The Anthropic API is provider-agnostic: the cloud infrastructure decision
is fully decoupled from the LLM choice. Any cloud provider is equally viable.

Negative / Trade-offs

No model routing in v1. If a conversation requires deeper reasoning than
Haiku can provide (e.g. a P1 CTO asking highly technical architecture questions),
the chat cannot escalate to a more capable model automatically. This is a
known limitation accepted for MVP scope.
Vendor dependency on Anthropic for production availability. The graceful
degradation behaviour required when the API is unavailable is a separate
architectural decision, pending resolution.

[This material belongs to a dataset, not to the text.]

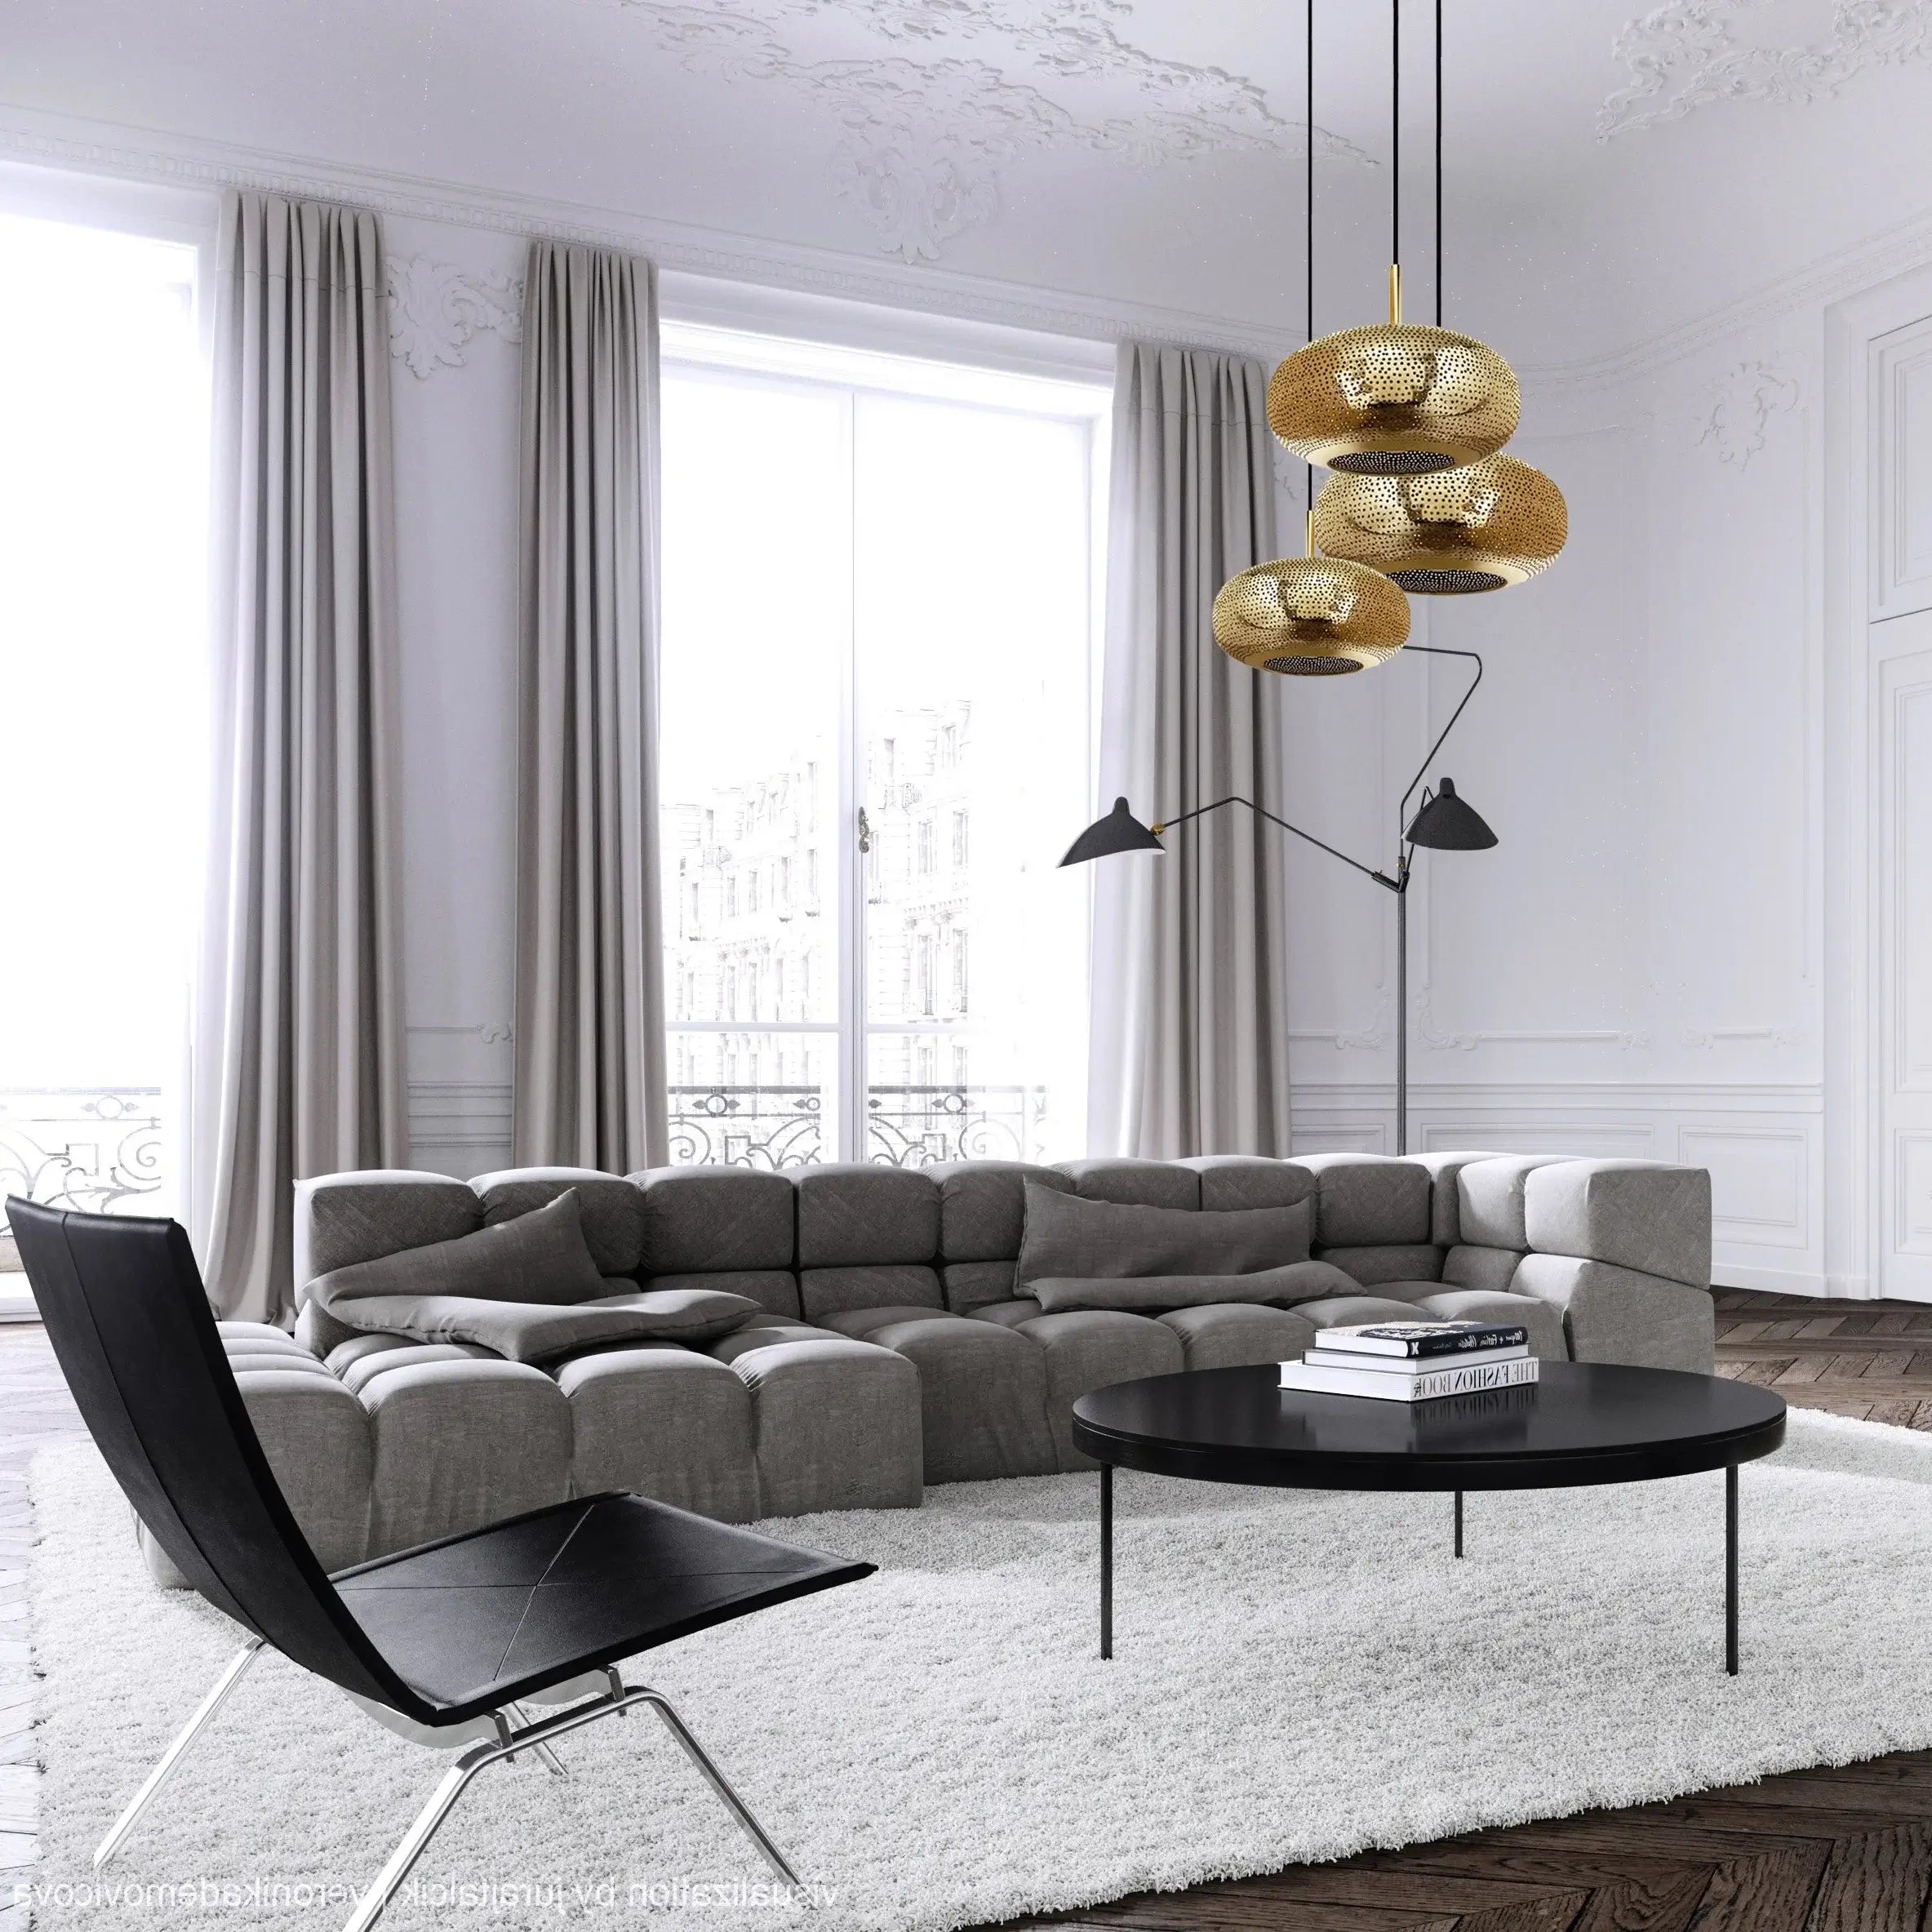 Dounia home chandelier in Polished brass made of Metal, used as a living room lighting, Model: Lila 3

Constraints on future decisions

The RAG triage mechanism must be designed around Claude Haiku 4.5’s function
calling API — specifically the tools parameter in the Anthropic Messages API.
If Haiku shows unreliable tool use during Phase 2 development, a rule-based
fallback triage mechanism must be considered before implementation proceeds.
If conversation volume grows significantly and cost becomes a meaningful
constraint, the v2 options are: (a) prompt caching for static system prompt
sections, reducing effective input token cost by ~80% on cached content, or
(b) evaluate Llama 4 Scout as a cheaper alternative once its instruction
following on complex system prompts is better documented in production use cases.

Compliance Notes

The Anthropic API processes conversation data on Anthropic’s infrastructure.
A Data Processing Agreement (DPA) with Anthropic is required before processing
real visitor data in production (EC-08 in the engineering review).
Anthropic offers EU data processing for enterprise customers. DPA status must
be confirmed before production launch — this is a hard blocker per EC-08.
Conversation history sent to the API must be scrubbed of PII fields before
transmission, as specified in PRD NFR 6.3.

Review Triggers

This decision should be revisited if:

Anthropic API availability falls below the 99.5% uptime requirement in
the PRD over any 30-day period.
Claude Haiku 4.5 shows consistent instruction following failures on the
qualification logic or persona tone adaptation in production (defined as
failure rate > 5% on the structured test suite from the PRD DoD).
Monthly LLM API cost exceeds $500 USD — at that point, prompt caching
or model routing should be evaluated.
Anthropic changes its EU data processing terms or DPA availability.

References

PRD § 7.1 — LLM Provider candidates and evaluation criteria
PRD § 7.2 — Key Technical Risks — hallucination, latency, and retrieval failure
PRD § 6.3 — Security and Privacy — PII handling and GDPR data notice requirements
Engineering Review § EC-01 — RAG Triage Mechanism — tool use recommendation for selective retrieval
Engineering Review § EC-07 — Graceful Degradation Form — fallback form submission destination
Engineering Review § EC-08 — GDPR Data Processing Agreement with LLM Provider — DPA requirement and provider status
Chat Behaviour — three-stage conversation model driving instruction following complexity
Qualification Signals — four-dimension qualification logic the LLM must execute reliably across turns

ADRs are immutable once accepted. If this decision is superseded, create a new ADR and update the Status field above to Superseded by ADR-NNN. Do not edit the body of this document.